Sunshine’s images have been featured in daily newspapers such Asian News and The Roundup-News, The Daily Californian, KQED, San Francisco Chronicle (print and digital) and the web outlet mattblack.com. Additional media coverage has included Asian and Pacific Islander Heritage Month as well as Makeshift Magazine. Her work has also been exhibited throughout the Bay Area at venues such as Betti Ono Gallery, SomArts Gallery, and as part of curated multimedia events such as Outside the Frame Film Festival, and Kearny Street Workshop’s 2015 APAture Festival.
Von Dickens Ulsa
Von’s conservative and Catholic upbringing did not deter his passion in delving into the sexuality and sensuality aspects of the arts. Moving to Honolulu from the Philippines in 2009, Von developed his cartoonist and comics-inspired style into the higher forms of art through his high school art teacher at Farrington High School. He blends various mediums but primarily uses watercolor and colored pencils. Von sites Gustav Klimt as his major artistic influence, which includes Edward Munch and Vincent Van Gogh.
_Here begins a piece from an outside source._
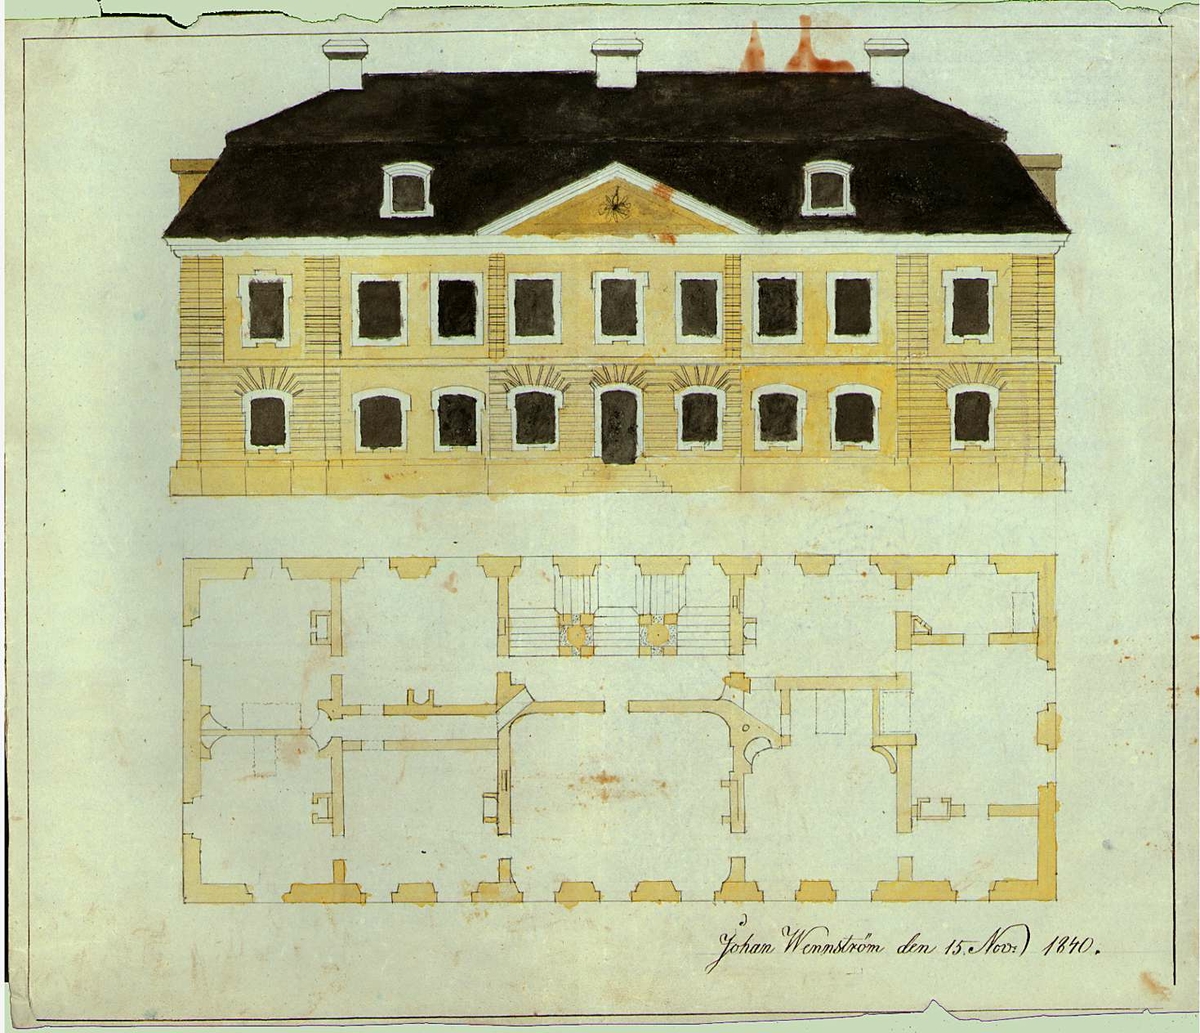 Fasad- och planritning för bostadshus signerad Johan Wennström 15 november 1840.

His current projects explore narratives of minorities on the artistic lenses. He seeks to subvert the “white male gaze” in the context of art history as well as reestablish the pre-colonial Filipino aesthetics such as patterns, styles, and calligraphy.
Von holds a triple bachelor’s degree in American Studies, English, and History from the University of Hawai’i at Manoa, graduating magna cum laude in spring 2016. His works have been exhibited in Los Angeles, Seattle, and Washington (DC), and he has sold commissions to Germany, Sweden, and Spain.